PlatformQueue (`backend/server/src/scheduler/build/system_queue.rs`)

Intelligent routing based on build characteristics:

#![allow(unused)]
fn main() {
if drv.is_fod {
    → FOD Builder (dedicated for Fixed-Output Derivations)
} else if drv.prefer_local_build {
    → Local Builder
} else {
    → Remote Builder Pool or Local
}
}

Rationale: FOD builds (like fetchurl) are network-bound and benefit from dedicated capacity to avoid blocking compute-heavy builds.

6. Build Execution

BuilderThread (`backend/server/src/scheduler/build/builder_thread.rs`)

#![allow(unused)]
fn main() {
- Manages JoinSet of concurrent builds
- Respects max_jobs limit per builder
- Spawns NixBuild task for each build
}

NixBuild (`backend/server/src/scheduler/build/nix_build.rs`)

Core build executor:

#![allow(unused)]
fn main() {
1. Create log file: {logs_dir}/{drv_hash}/build.log
2. Spawn: nix-build {drv_path} --builders '{config}'
3. Stream stdout/stderr to log file in real-time
4. Monitor for timeout:
   - Reset timer on each line of output
   - Kill process if no_output_timeout_seconds exceeded
5. On completion:
   - Success: Attempt to fetch substituter logs via 'nix log'
   - Failure: Return BuildOutcome::Failure
   - Timeout: Return BuildOutcome::Timeout
}

Timeout Behavior: The timeout is output-based, not total time. A build can run indefinitely as long as it produces output.

7. Build Recording (`backend/server/src/scheduler/recorder.rs`)

#![allow(unused)]
fn main() {
RecorderService receives RecorderTask:
  - Update Drv.build_state in database

  On Success:
    - Clear transitive failures for this drv
    - Re-queue blocked downstream drvs
    - Send IngressTask::CheckBuildable for each downstream drvs

  On Failure (first time):
    - Update state to FailedRetry
    - Re-queue immediately (same IngressTask)

  On Failure (second time):
    - Mark as permanent Completed(Failure)
    - Propagate TransitiveFailure to all downstream drvs

  - Send GitHubTask::UpdateBuildStatus

  If all jobs in jobset concluded:
    - Determine conclusion (success if no new/changed failures)
    - Send GitHubTask::CompleteCIEvalJob
}

Retry Logic: Single automatic retry handles transient failures (network issues, temporary resource constraints).

8. GitHub Status Updates (`backend/server/src/services/github.rs`)

#![allow(unused)]
fn main() {
GitHubService:
  - Use Octocrab (GitHub API client)
  - Create check runs (lazily on failure to reduce noise)
  - Update check run status:
    - queued → in_progress → completed
  - Set conclusion:
    - success / failure / timed_out / cancelled
  - Complete eval gate check runs when jobset finished
}

Lazy Check Run Creation: Only create check runs for new/changed jobs that fail. This reduces PR noise for large derivation sets where most builds are unchanged and successful.

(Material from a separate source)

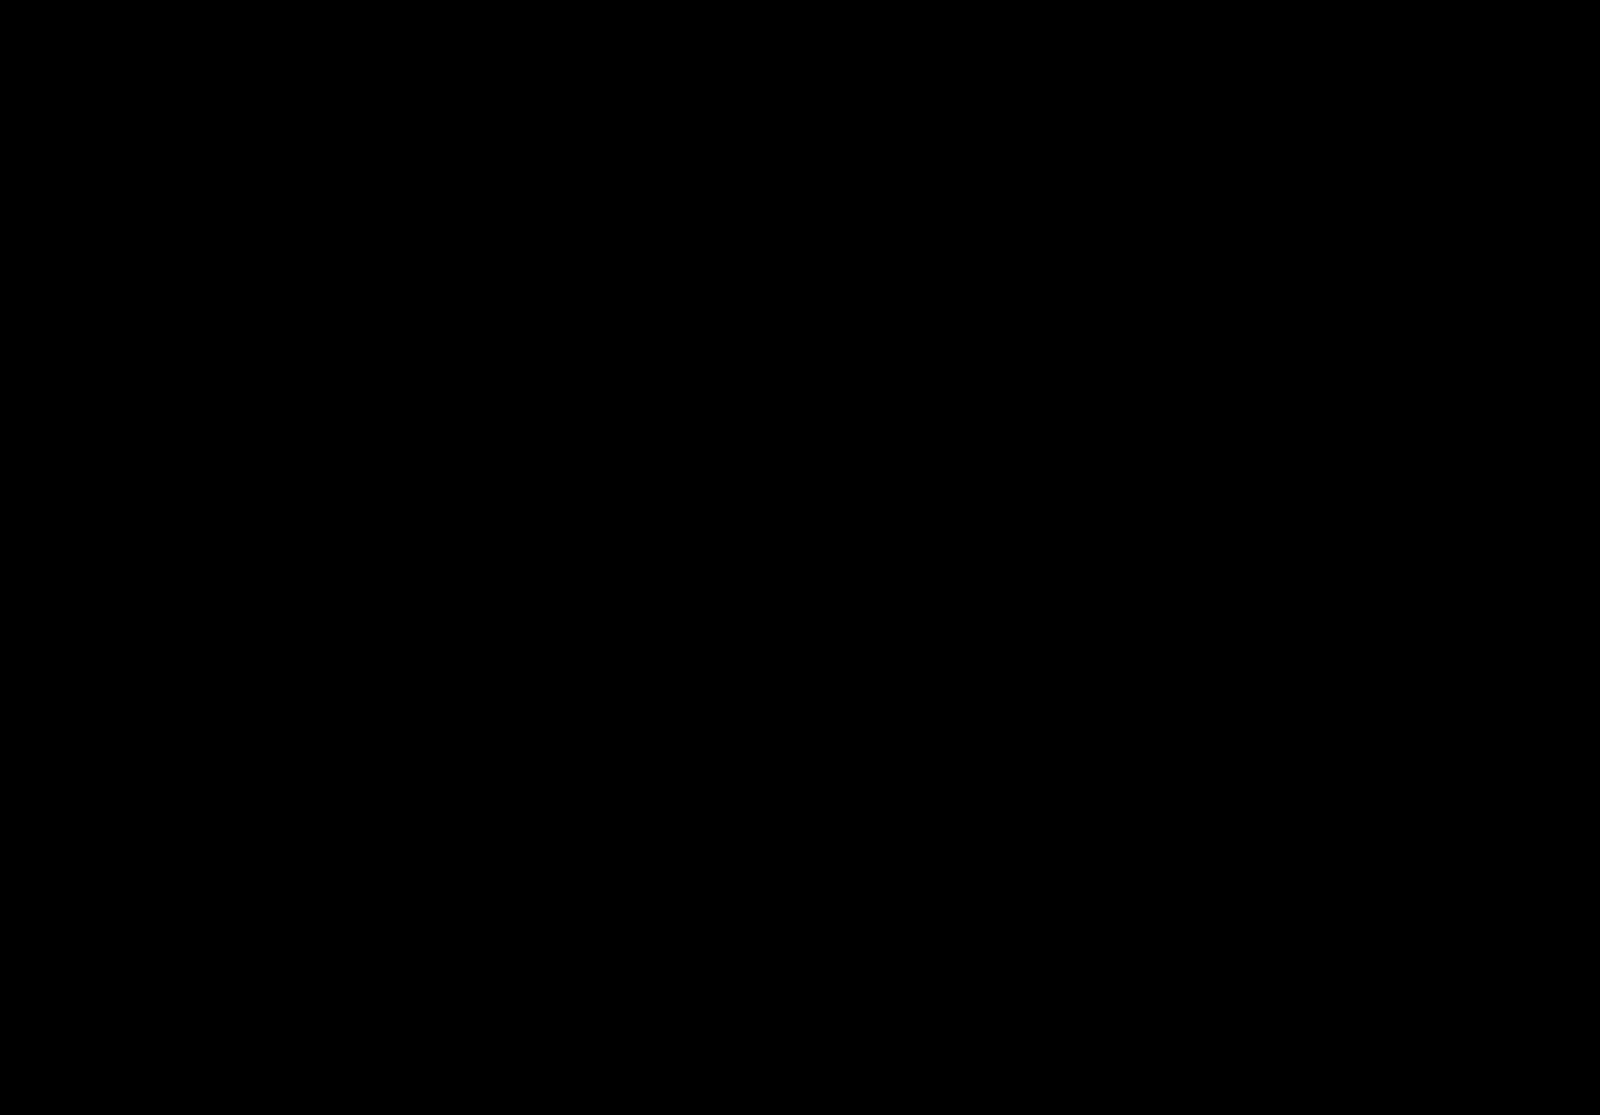 Estació de viticultura i enologia de Reus

Scheduler Architecture Deep Dive

The scheduler is the most complex component, consisting of 3 tiers:

Tier 1: IngressService

Responsibility: Determine build eligibility

#![allow(unused)]
fn main() {
// backend/server/src/scheduler/ingress.rs
IngressTask::EvalRequest { drv_path } → {
    if is_terminal_state(drv_path) {
        return; // Already built
    }

    if is_drv_buildable(drv_path) {
        update_state(drv_path, Buildable);
        send(BuildRequest { drv_path });
    }
}
}

Key query: is_drv_buildable() checks that all dependencies are Completed(Success).

Tier 2: BuildQueue

Responsibility: Platform routing

#![allow(unused)]
fn main() {
// backend/server/src/scheduler/build/queue.rs
BuildRequest { drv } → {
    match drv.system {
        "x86_64-linux" => x86_64_linux_queue,
        "aarch64-linux" => aarch64_linux_queue,
        "x86_64-darwin" => x86_64_darwin_queue,
        "aarch64-darwin" => aarch64_darwin_queue,
    }
}
}

Tier 3: PlatformQueue

Responsibility: Builder selection and capacity management

#![allow(unused)]
fn main() {
// backend/server/src/scheduler/build/system_queue.rs
struct PlatformQueue {
    fod_builder: BuilderHandle,      // Fixed-Output Derivations
    local_builder: BuilderHandle,     // Local builds
    remote_builders: Vec<BuilderHandle>, // Remote builder pool
}

fn route_build(drv: &Drv) -> BuilderHandle {
    if drv.is_fod {
        self.fod_builder
    } else if drv.prefer_local_build {
        self.local_builder
    } else {
        // Round-robin or capacity-aware selection
        self.select_remote_builder()
    }
}
}

Builder Types:

FOD Builder: Dedicated capacity for network-bound builds (fetchurl, fetchFromGitHub)
Local Builder: Runs nix-build on the CI server itself
Remote Builder: SSH-based remote Nix builders (configured via RemoteBuilder)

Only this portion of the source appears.